Matrix rank and probability limit

Question

If I have a random matrix $M$ (dimension $l\times l$) whose elements are stochastic and depend on $n$ such that for all $n$, the rank of $M$ is less than or equal to $k$, can I infer that $$ \text{plim}_{n\to\infty}M $$ has rank less than or equal to $k$? Here, we assume that the probability limit above exists and $l$ and $k$ do not depend on $n$.

The result appears as an implicit step in a proof in my textbook. I know the Continuous Mapping Theorem but rank isn't a continuous map of a matrix so I'm stuck.

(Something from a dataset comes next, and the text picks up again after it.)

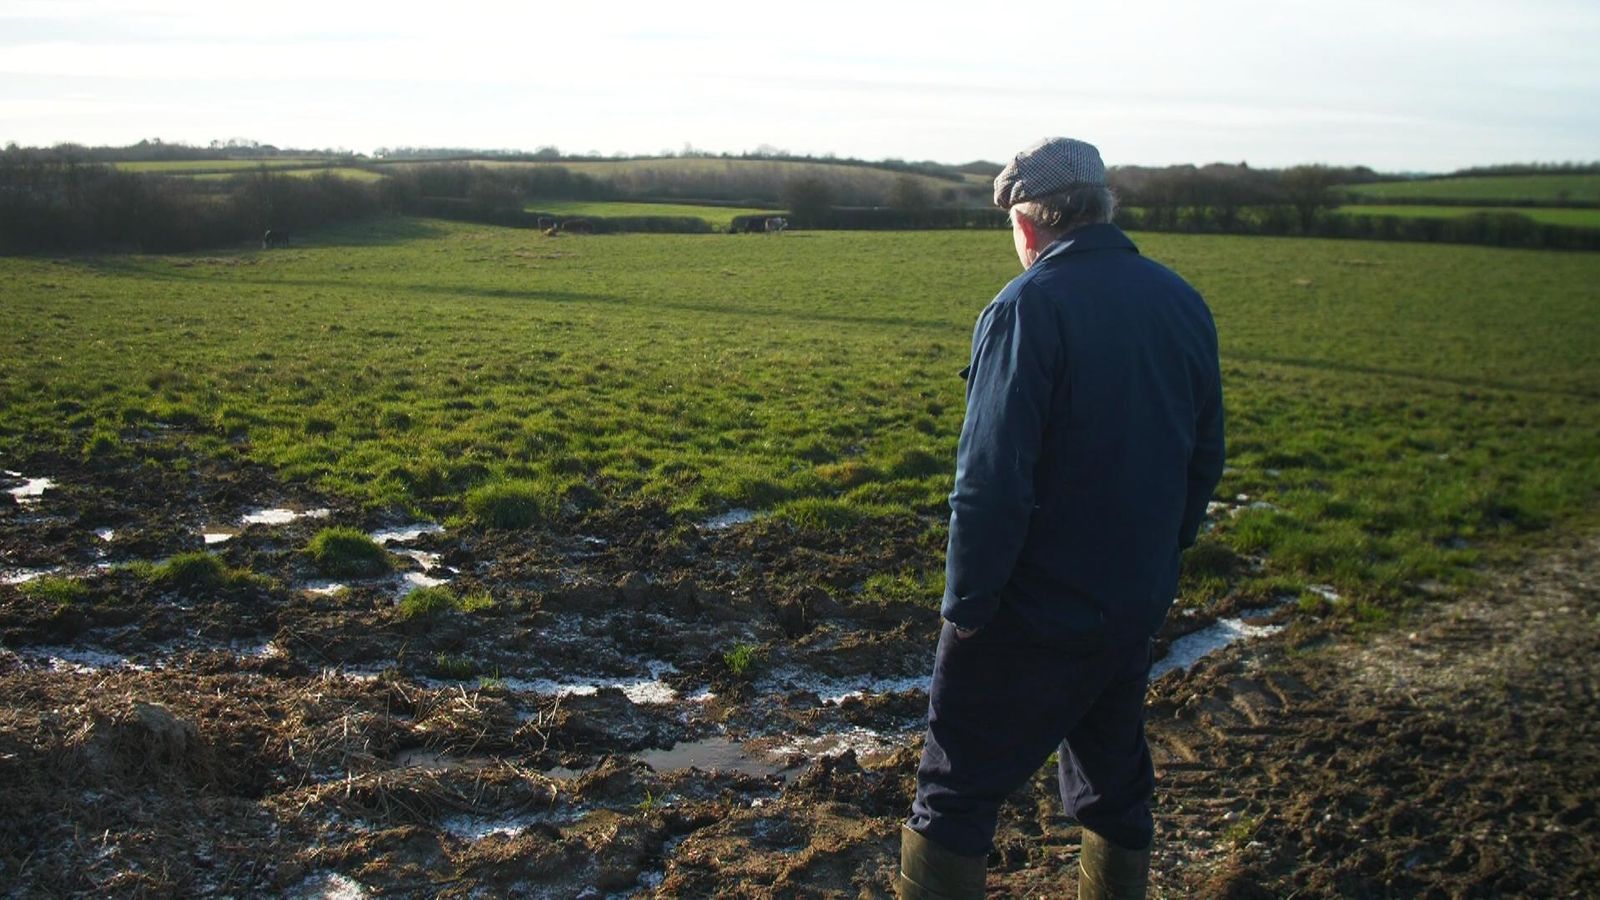 'Life would never be the same again': The tenant farmers targeted by solar developers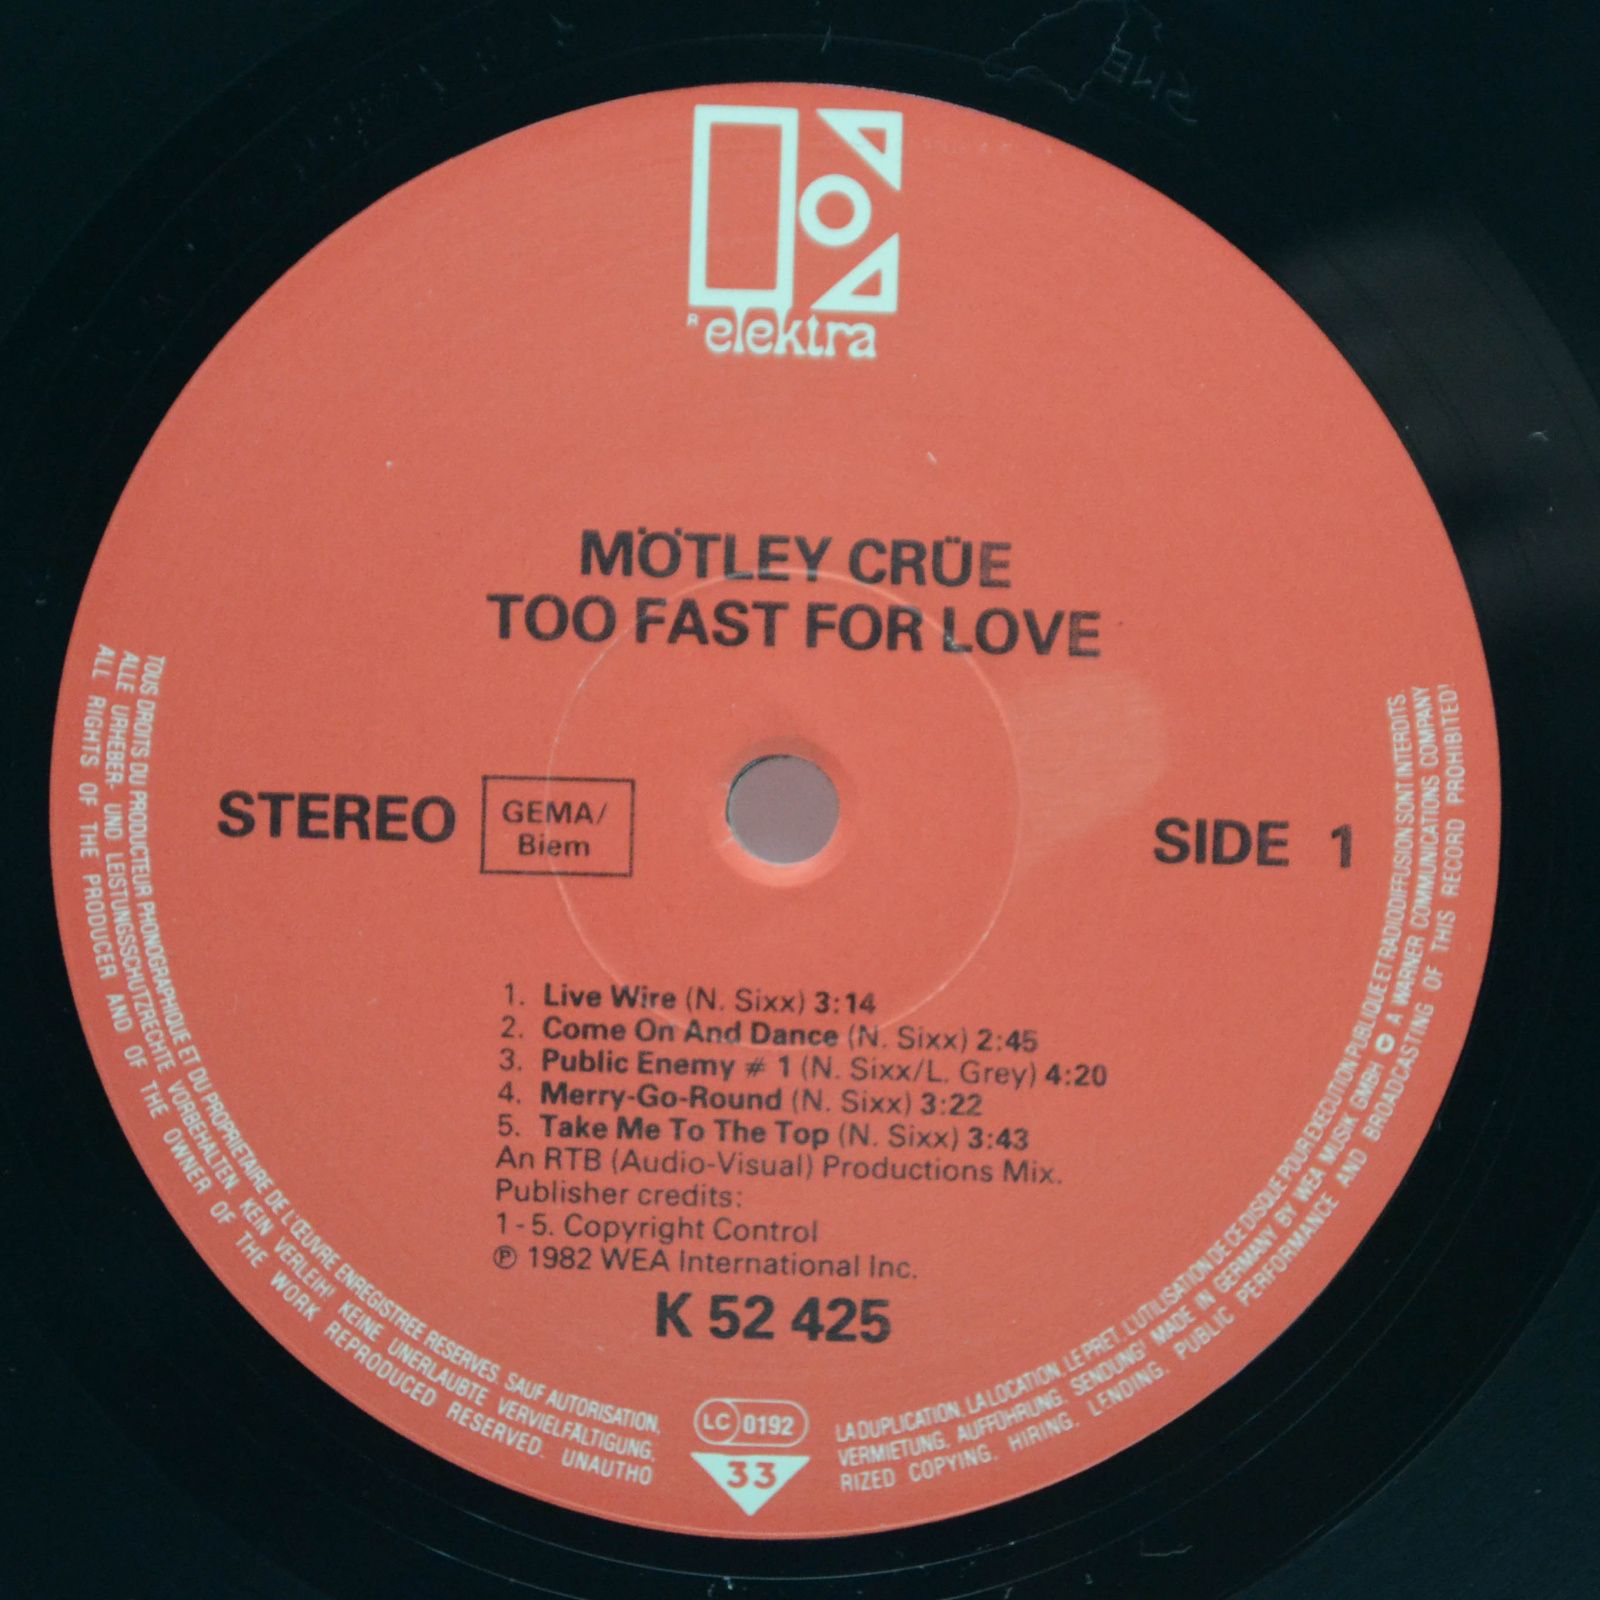 Mötley Crüe — Too Fast For Love, 1984

Thanks for your help.

Answer 1

This follows from two facts:

1. The set of $l \times l$ matrices with rank $\leq k$ is closed.

This is true since, for $k<l$, the matrices with rank $\leq k$ are precisely those for which every $(k+1)\times (k+1)$ submatrix has determinant 0. (Now use the fact that the determinant is continuous, so its preimage of $\{0\}$ is closed, and the intersection of closed sets is closed.)

2. Given a closed subset $C$ of a metric space $E$ and a sequence of random elements $X_i$ of $E$, if $X_i$ converges in probability to a random variable $X$, and if $P(X_i \in C)=1$ for all $i$, then $P(X \in C)=1$.

This is true since convergence in probability implies a.s.-convergence on a subsequence.